> **Exercise details**
Print only the lines below, from the very first to the one containing "Schwarze Sandalen mit", exactly as they stand. Do not print pictures.

── Data extract

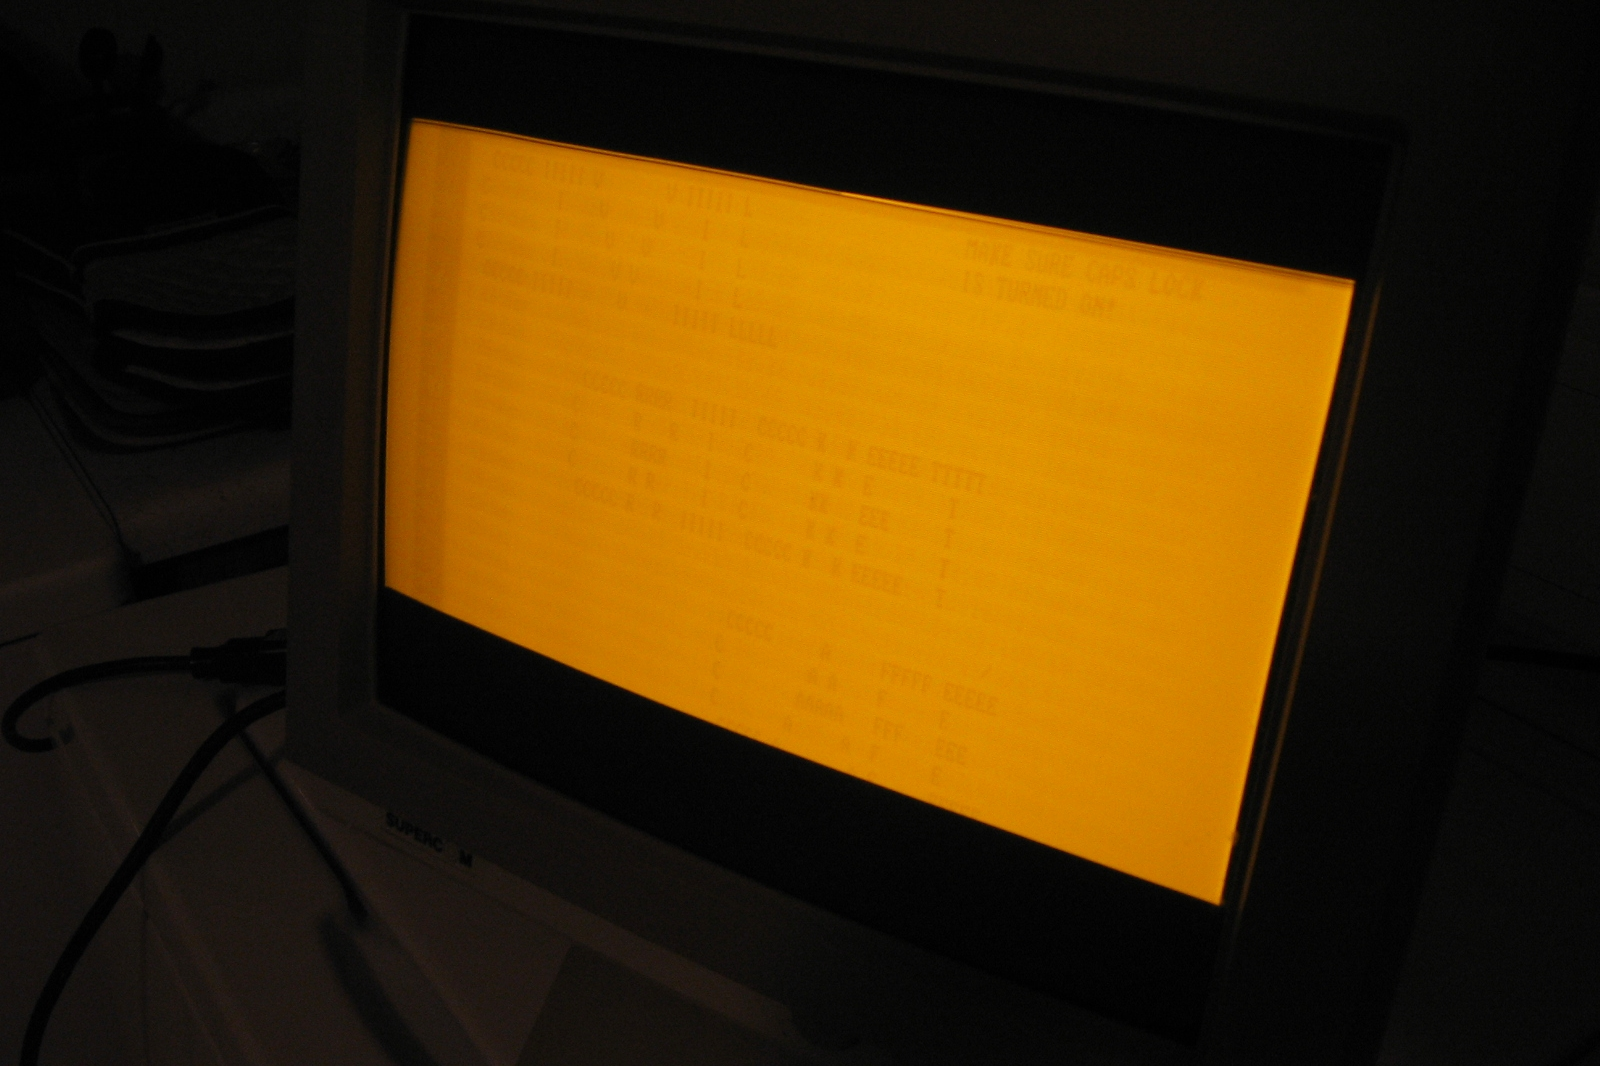 Queima de fósforo (“queima de tela”) visível em um monitor de computador CRT monocromático âmbar.
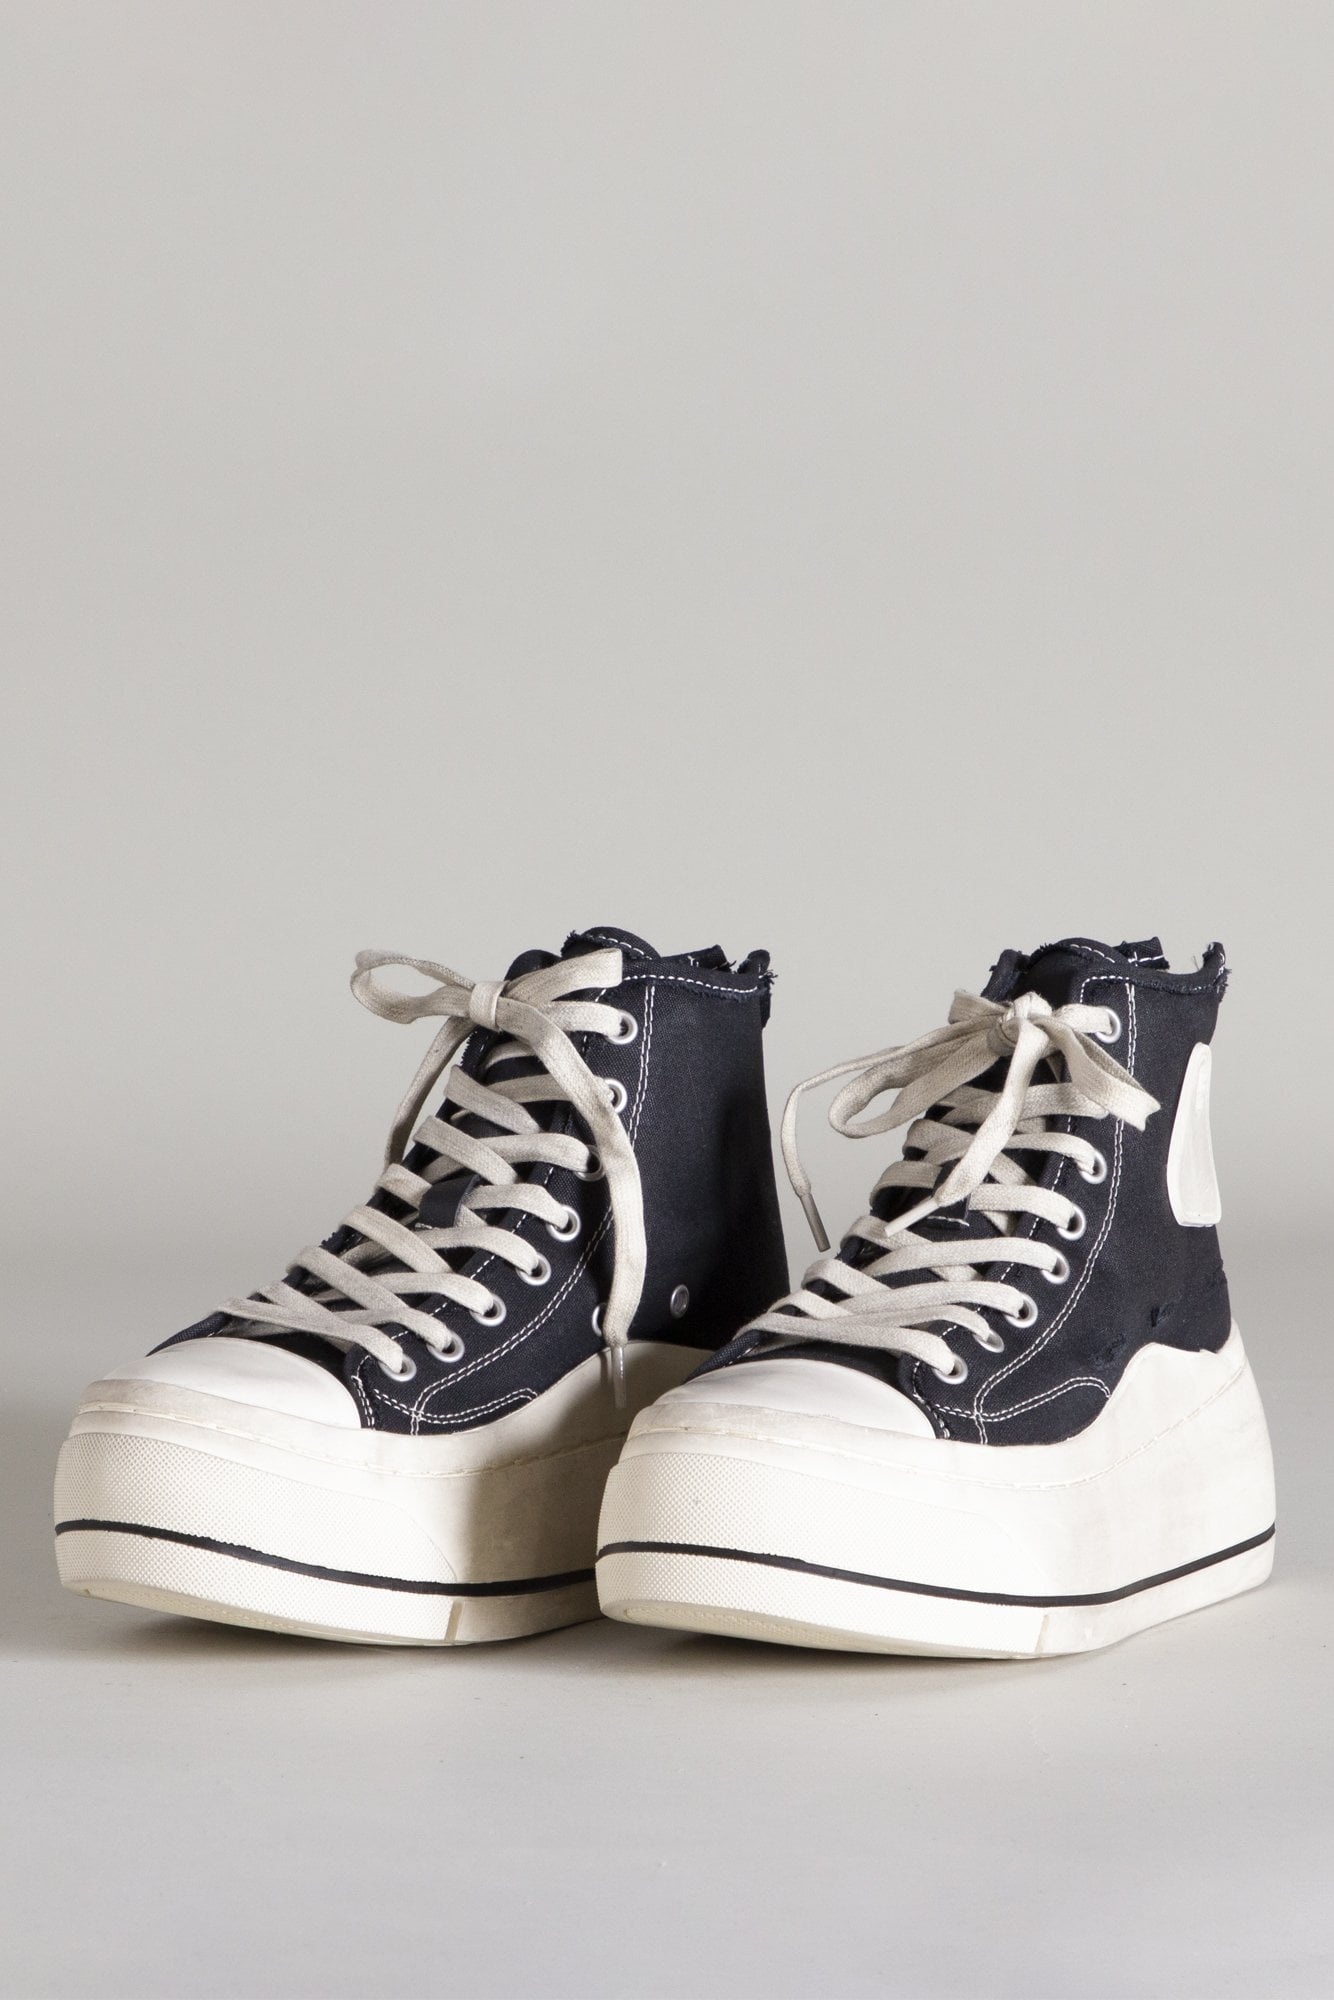 Kurt High Top Sneaker - Black | R13 Denim Official Site - 1
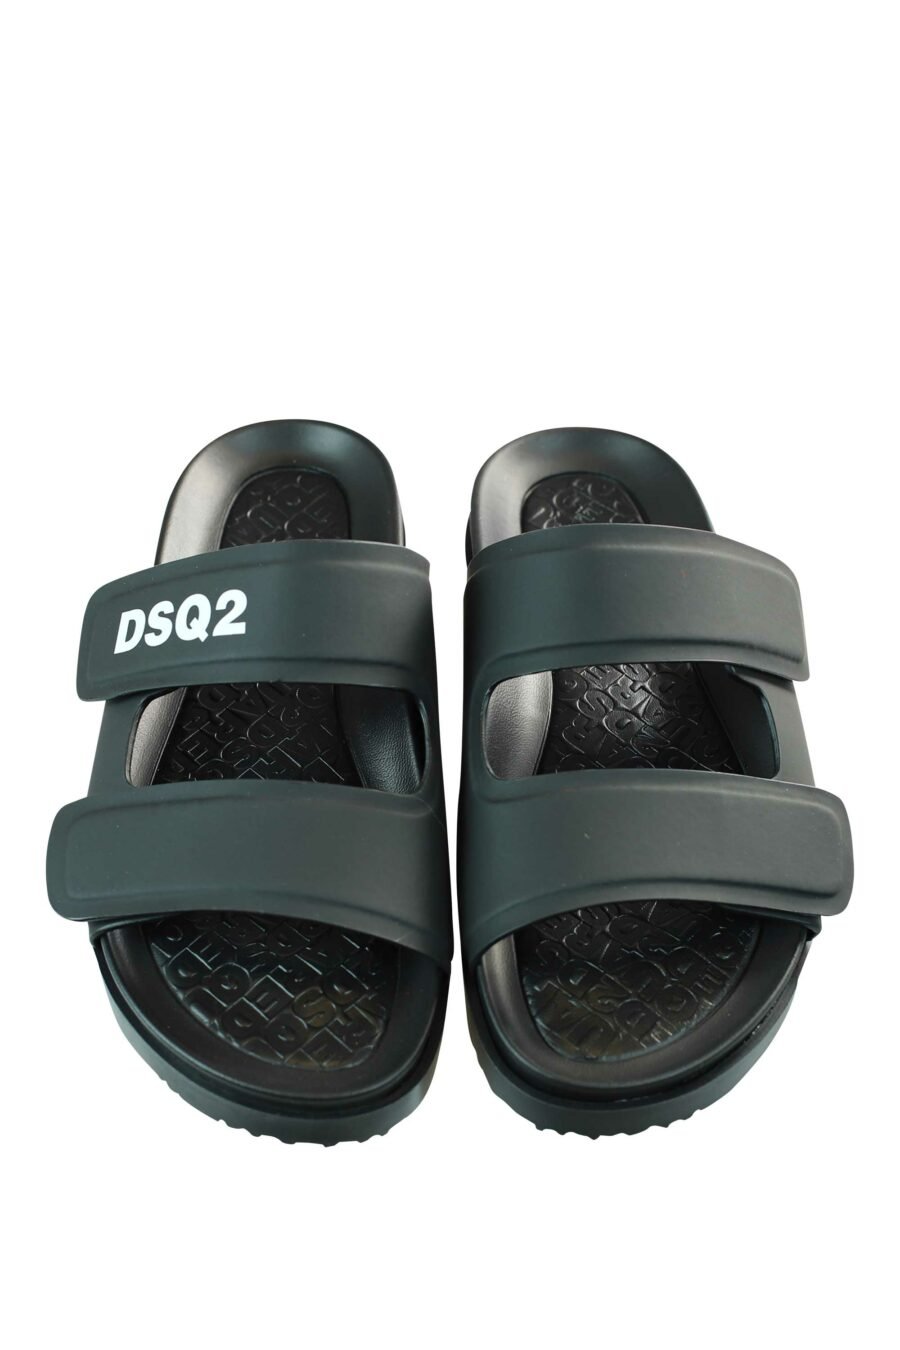 Schwarze Sandalen mit weißem "dsq2" Logo und Klettverschluss - 8055777203200 4
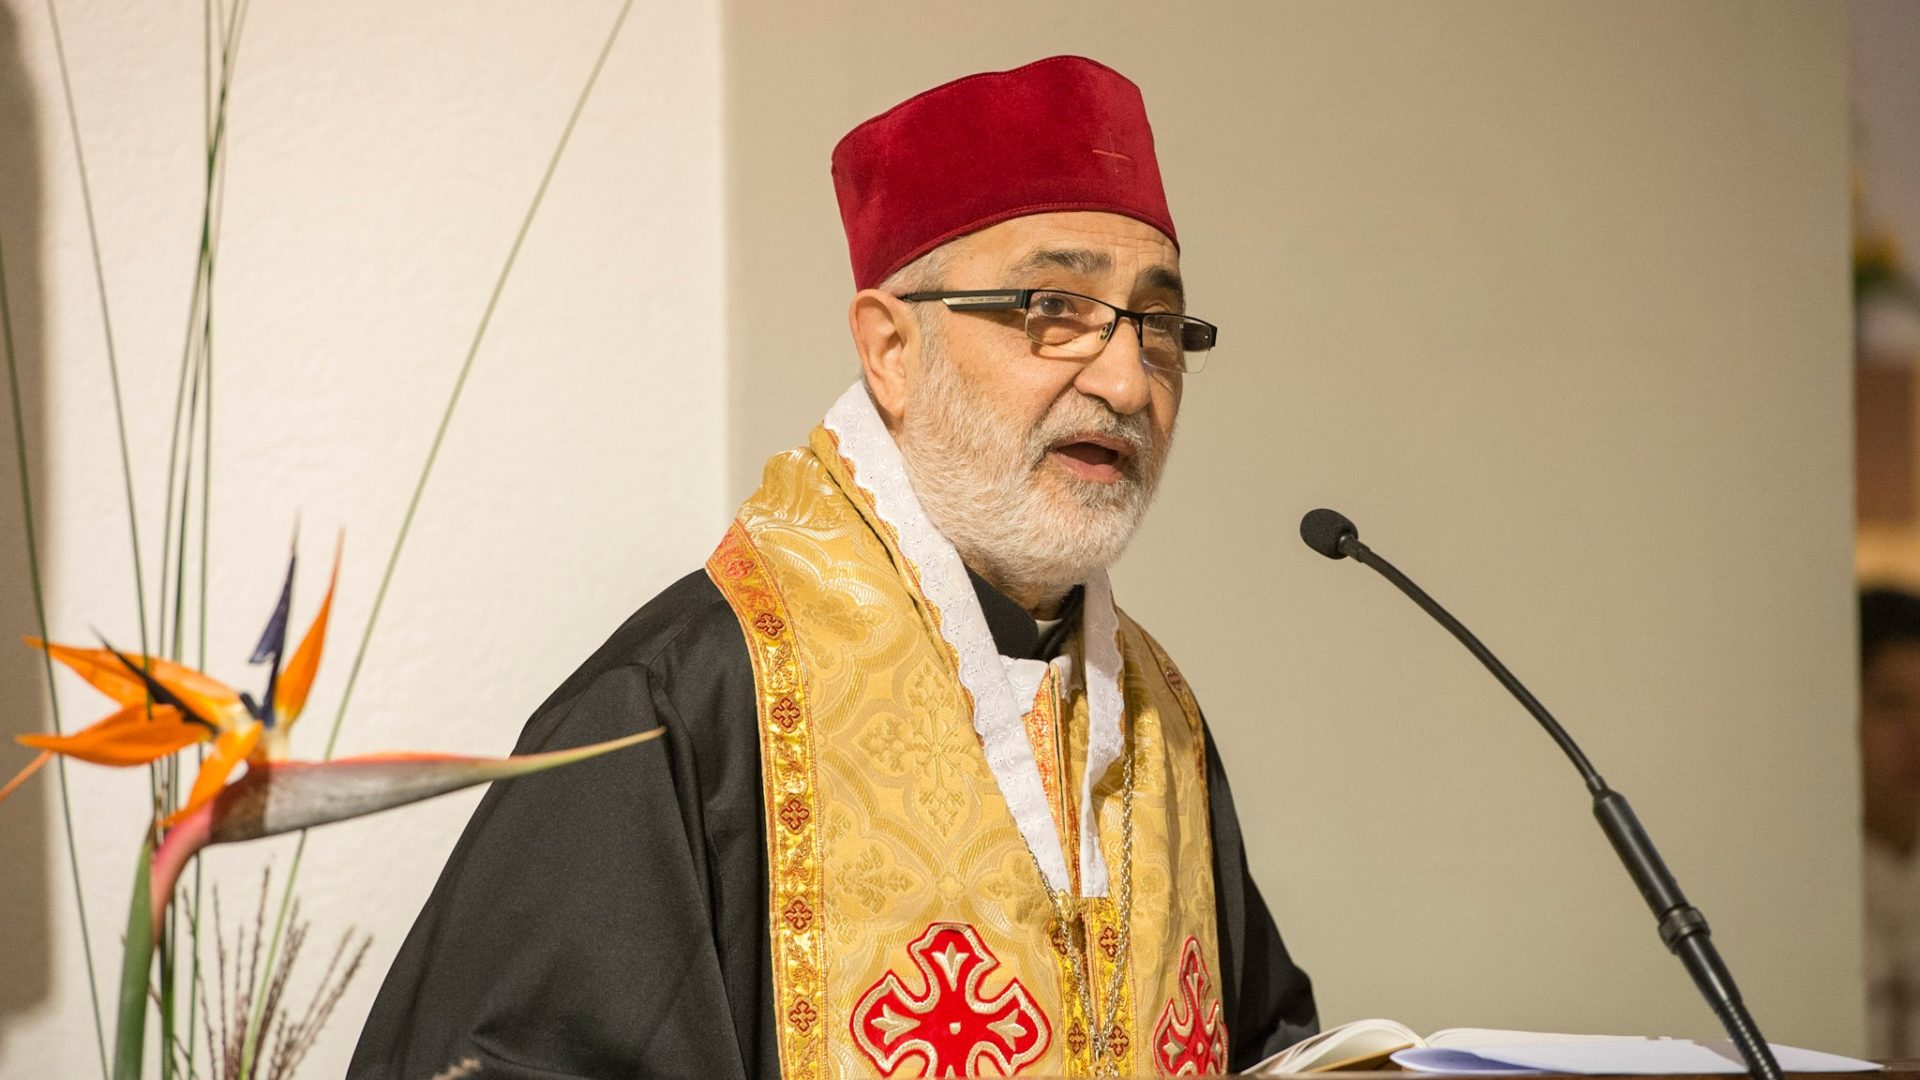 Mgr Nicolas Antiba, archimandrite de Bosra et Hauran, en Syrie, a remercié les paroissiens de Villars-sur-Glâne (Photo:Christoph von Siebenthal)

────

> **Finished exercise**
 Queima de fósforo (“queima de tela”) visível em um monitor de computador CRT monocromático âmbar.
 Kurt High Top Sneaker - Black | R13 Denim Official Site - 1
 Schwarze Sandalen mit weißem "dsq2" Logo und Klettverschluss - 8055777203200 4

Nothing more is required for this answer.